We can check if the number of rows are equal to the total of the two combined Dataframes. 9586 rows is the sum of 467 rows and 9119 rows.

As well as checking if the unique values are still integers 1 and 0.

In [42]:
display(concat.shape , concat["class"].unique())

(242160, 2)

array([0, 1], dtype=int64)

We switch the placement of the `text` and `class` columns in all four dataframes.

In [43]:
new_column_order = ['class', 'text'] #making the new column order

intanon_df = intanon_df[new_column_order]
integernotes_df = integernotes_df[new_column_order]
new_twit = new_twit[new_column_order]
integerwatch_df = integerwatch_df[new_column_order]

### **Data Cleaning**

#### Removing unnecessary character sequences

We created a RegEx function to remove unnecessary character sequences that might potentially interfere with the next steps before modeling.

In [44]:
def remove_unnecessary(text):
    text = re.sub('RT', '', text) #RT
    text = re.sub('@[^\s]+', '', text) #usernames
    text = re.sub('http[^\s]+','',text) #media links
    text = re.sub(r'\[|\]', '', text) #square brackets
    text = re.sub('#[^ ]+', '', text) #hashtags
    return text

But before applying the function, a copy of the `concat` dataframe was created.

In [45]:
master = concat.copy(deep = True)

Here, the function was applied to the `master` dataframe.

In [46]:
master['text'] = master['text'].apply(remove_unnecessary)

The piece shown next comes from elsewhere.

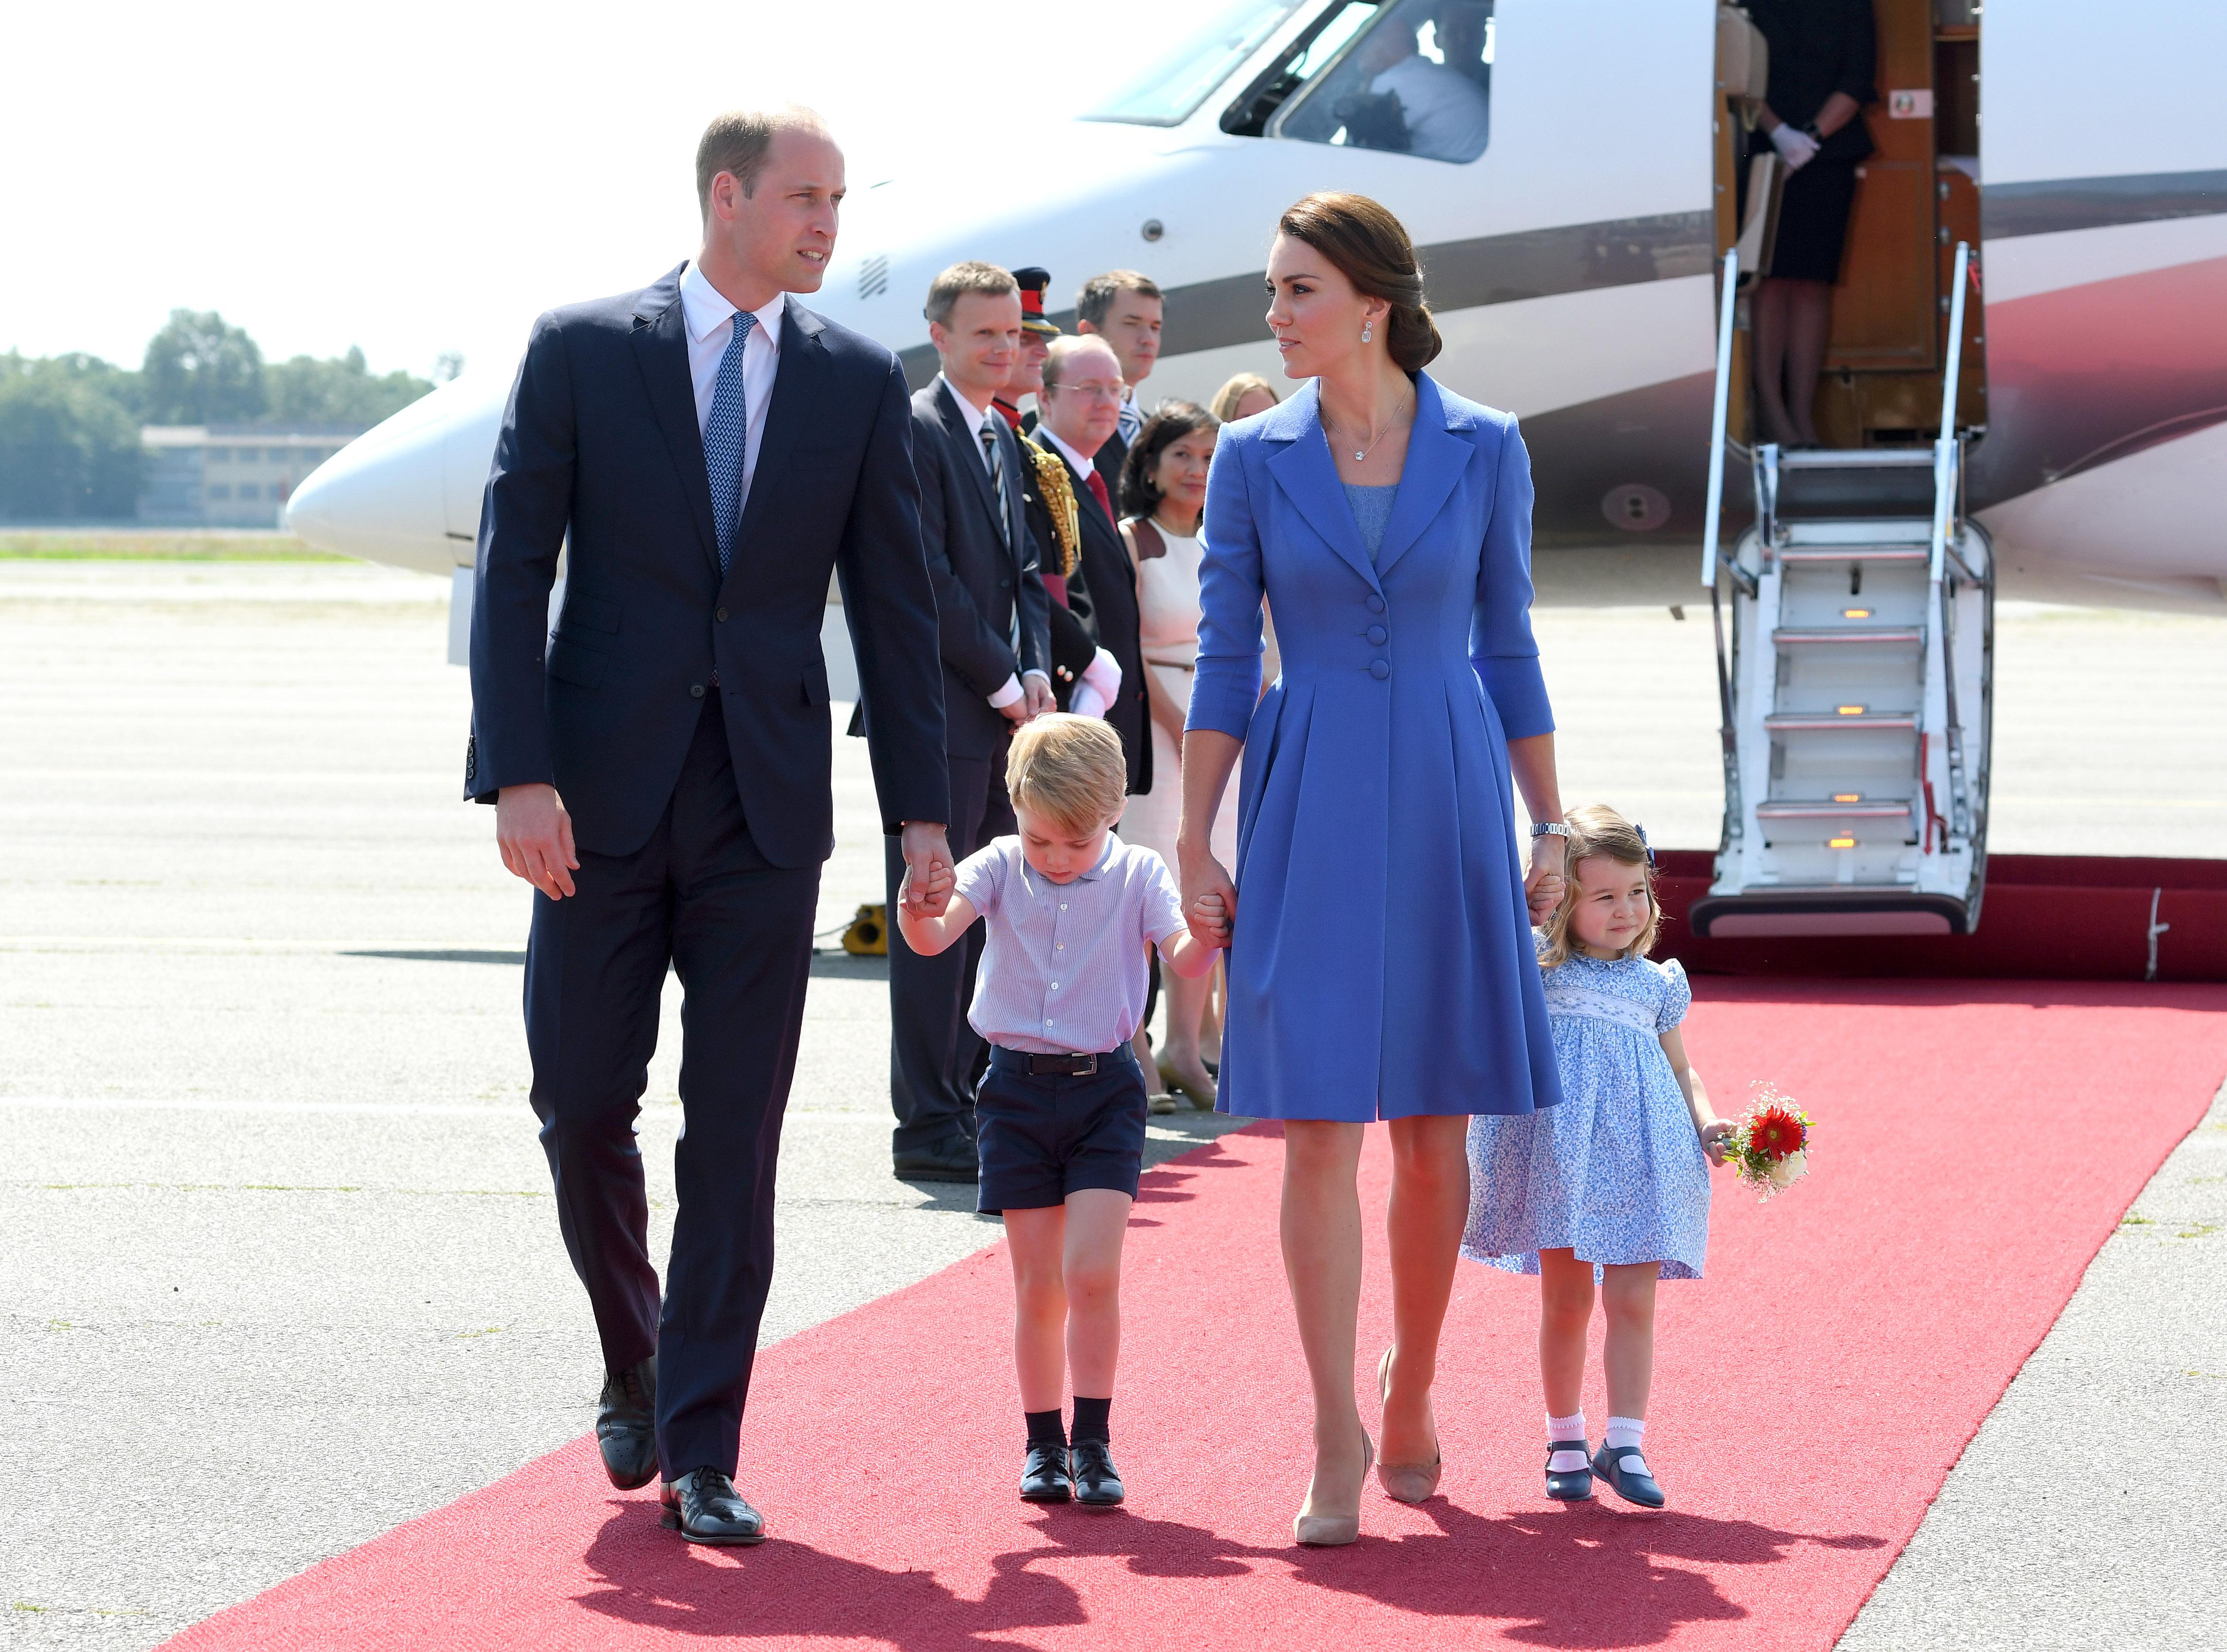 Príncipe William e duquesa Kate Middleton com os filhos

Checking if the `remove_unnecessary` function was applied.

In [47]:
master.head()

Unnamed: 0,text,class
0,"'Its not a viable option, and youll be leaving...",0
1,'It can be hard to appreciate the notion that ...,1
2,"'Hi, so last night i was sitting on the ledge ...",1
3,'I tried to kill my self once and failed badly...,1
4,'Hi NEM3030. What sorts of things do you enjoy...,1


Checking the shape of the `master` dataframe.

In [48]:
master.shape

(242160, 2)

#### Functions for Feature Engineering

**Batch Processing Function**

Because the `master` dataframe is big, the four dataframes will be processed and cleaned by batch with a function.

In [49]:
def batch_processing_bert(df):
    
    def tokenize_and_remove_stopwords(sentence):
        tokens = tokenizer.tokenize(sentence)
        return tokens

    df['token'] = df['text'].apply(tokenize_and_remove_stopwords)
    df['string'] = df['token'].apply(lambda x: ' '.join([item for item in x if len(item)>2]))

    return df

**Removing UNK Function**

In [50]:
unk_pattern = re.compile(r'\bUNK\b')

In [51]:
def remove_UNK(text):
    return re.sub(r"\bUNK\b", "", text)

### **Feature Engineering**

Before we start, let us determine what device (i.e., CUDA or CPU) we will be using. If CUDA is available, it will be chosen; otherwise, by default, CPU will be chosen.

In [52]:
device = torch.device('cuda' if torch.cuda.is_available() else 'cpu')
device

device(type='cuda')

#### **Tokenizing with Bert**

We get the tokenizer for BERT

In [53]:
#tokenizer = BertTokenizer.from_pretrained('bert-base-uncased', do_wordpiece=True)
tokenizer = BertTokenizerFast.from_pretrained('bert-base-uncased')

Making copies of all the four dataframes for easier access without affecting the original dataframes

In [54]:
bert_df1 = intanon_df.copy(deep = True)
bert_df2 = integernotes_df.copy(deep = True)
bert_df3 = new_twit.copy(deep = True)
bert_df4 = integerwatch_df.copy(deep = True)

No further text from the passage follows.